2023-08-17 20:20 (X/X) s=-357.082 p=(108, 103, 130, 'ruleHHMMmilitary', 'ruleDOM1', 'ruleNamedMonth', 'ruleDOMMonth', 'ruleLatentDOY', 'ruleDateTOD')
2023-08-17 20:20 (X/X) s=-367.858 p=(108, 103, 130, 'ruleNamedMonth', 'ruleHHMMmilitary', 'ruleDOM1', 'ruleDOMMonth', 'ruleLatentDOY', 'ruleDateTOD')
2020-08-17 X:X (X/X) s=-372.308 p=(108, 103, 111, 'ruleYear', 'ruleDOM1', 'ruleNamedMonth', 'ruleDOMMonth', 'ruleDOYYear')
2020-08-17 X:X (X/X) s=-379.009 p=(108, 103, 111, 'ruleNamedMonth', 'ruleDOM1', 'ruleDOMMonth', 'ruleYear', 'ruleDOYYear')
2020-08-17 X:X (X/X) s=-379.974 p=(126, 111, 'ruleDDMM', 'ruleYear', 'ruleDOYYear')
2020-08-X X:X (X/X) s=-695.337 p=(108, 103, 111, 'ruleNamedMonth', 'ruleDOM1', 'ruleYear', 'ruleMonthYear')
2023-08-17 X:X (X/X) s=-773.528 p=(108, 103, 130, 'ruleDOM1', 'ruleNamedMonth', 'ruleDOMMonth', 'ruleLatentDOY')
2023-08-17 X:X (X/X) s=-781.179 p=(108, 103, 130, 'ruleNamedMonth', 'ruleDOM1', 'ruleDOMMonth', 'ruleLatentDOY')
X-08-17 X:X (X/X) s=-790.539 p=(126, 111, 'ruleYear', 'ruleDDMM')
X-08-X X:X (X/X) s=-1291.254 p=(108, 103, 130, 'ruleHHMMmilitary', 'ruleDOM1', 'ruleNamedMonth', 'ruleLatentDOM')
X-08-X X:X (X/X) s=-1296.821 p=(108, 103, 130, 'ruleNamedMonth', 'ruleHHMMmilitary', 'ruleDOM1', 'ruleLatentDOM')
2020-X-X X:X (X/X) s=-1694.826 p=(108, 103, 111, 'ruleYear', 'ruleDOM1', 'ruleNamedMonth', 'ruleDOMMonth', 'ruleLatentDOY')
2023-06-01 20:20 (X/X) s=-1696.719 p=(108, 103, 130, 'ruleHHMMmilitary', 'ruleDOM1', 'ruleNamedMonth', 'ruleLatentDOM')

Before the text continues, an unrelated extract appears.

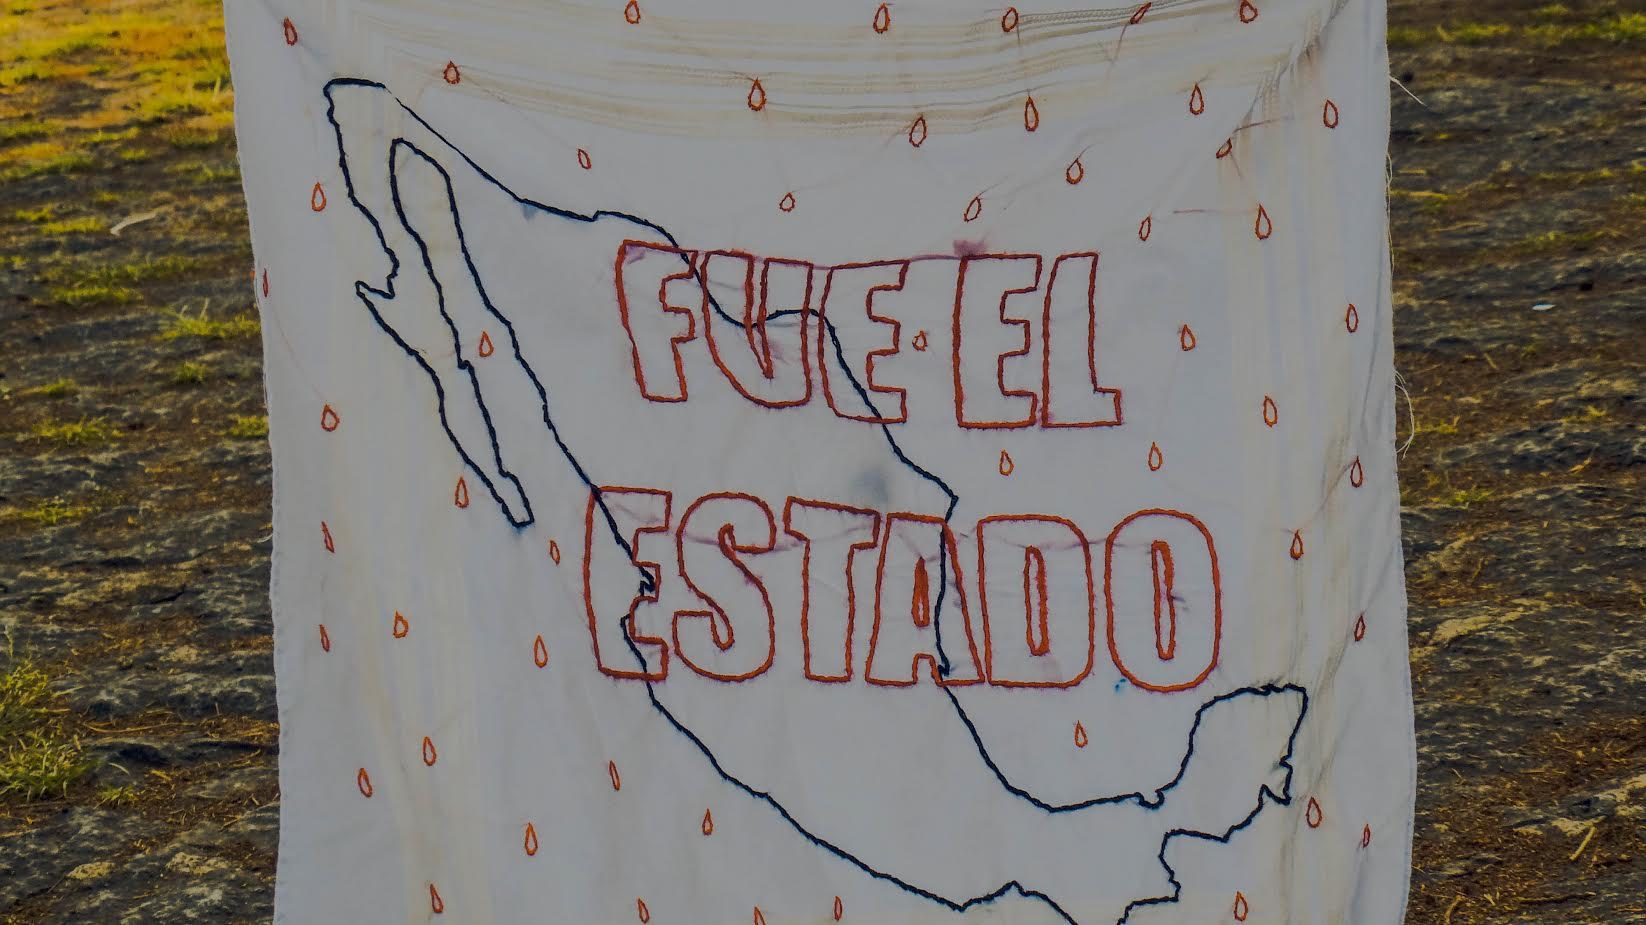 2016-08-27-1472302853-2075265-mexico.jpg
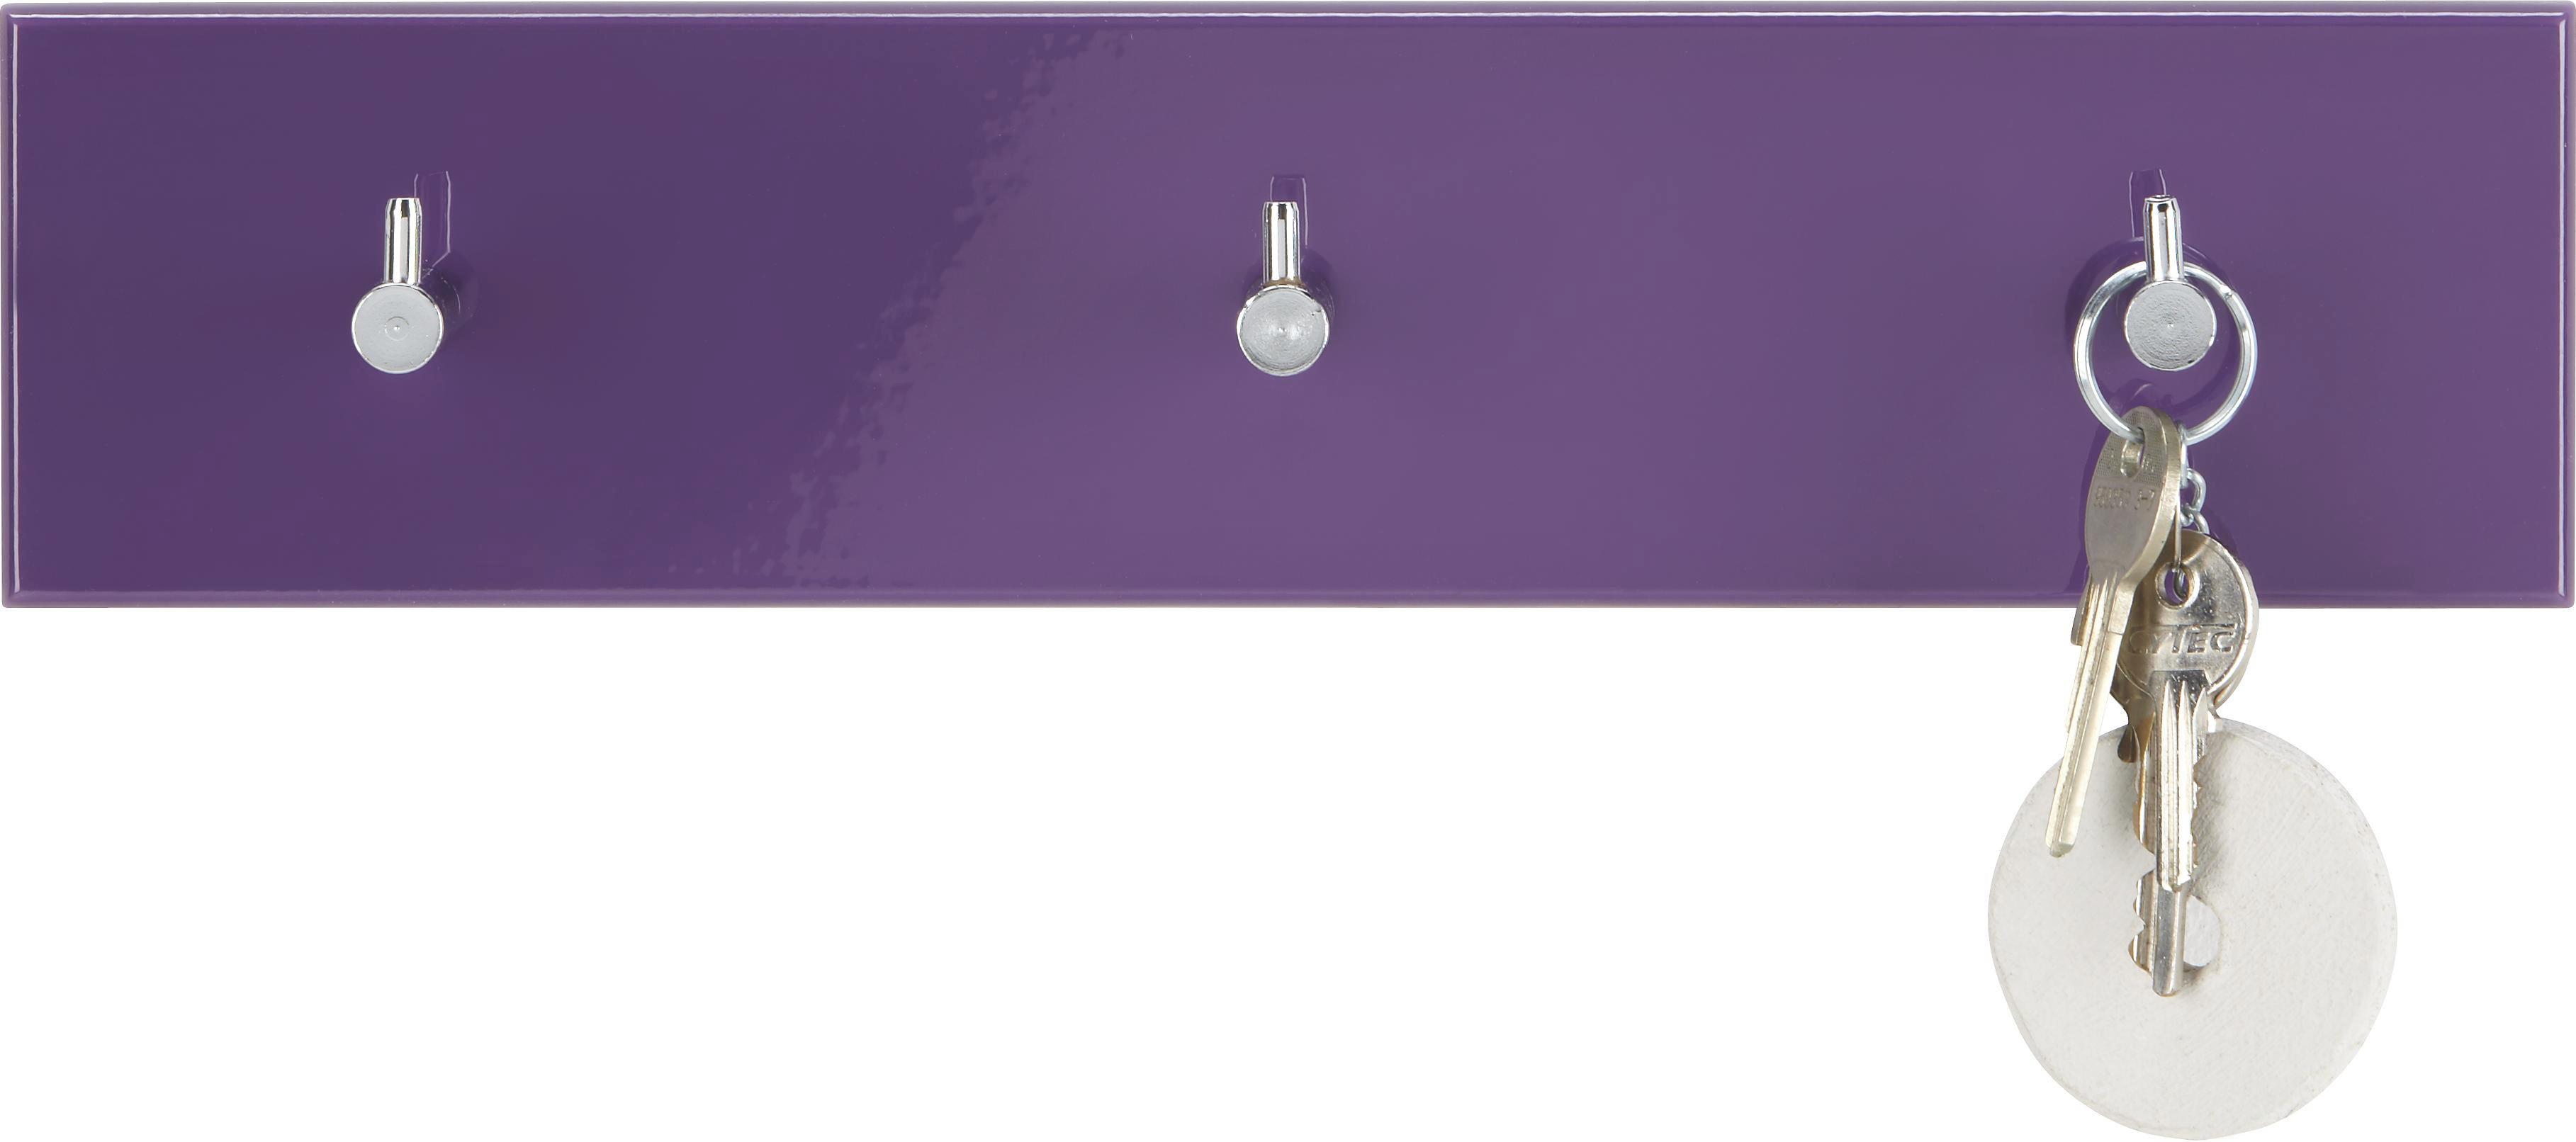 GARDEROBA ZIDNA - boje kroma/kupina, Design, drvo/metal (34/5/8cm) - BOXXX

2020-X-X X:X (X/X) s=-1701.773 p=(126, 111, 'ruleDDMM', 'ruleLatentDOY', 'ruleYear')
2023-06-01 20:20 (X/X) s=-1702.286 p=(108, 103, 130, 'ruleNamedMonth', 'ruleHHMMmilitary', 'ruleDOM1', 'ruleLatentDOM')
2023-06-17 X:X (X/X) s=-1984.401 p=(108, 103, 130, 'ruleHHMMmilitary', 'ruleDOM1', 'ruleNamedMonth', 'ruleLatentDOM')
2023-06-17 X:X (X/X) s=-1989.968 p=(108, 103, 130, 'ruleNamedMonth', 'ruleHHMMmilitary', 'ruleDOM1', 'ruleLatentDOM')
2020-X-X X:X (X/X) s=-1701.432 p=(108, 103, 111, 'ruleNamedMonth', 'ruleDOM1', 'ruleDOMMonth', 'ruleLatentDOY', 'ruleYear')
X-X-17 X:X (X/X) s=-1994.620 p=(108, 103, 111, 'ruleNamedMonth', 'ruleDOM1', 'ruleYear', 'ruleMonthYear')

So maybe adding more examples of this kind to the data set used to train the scorer is the easier way to solve this problem.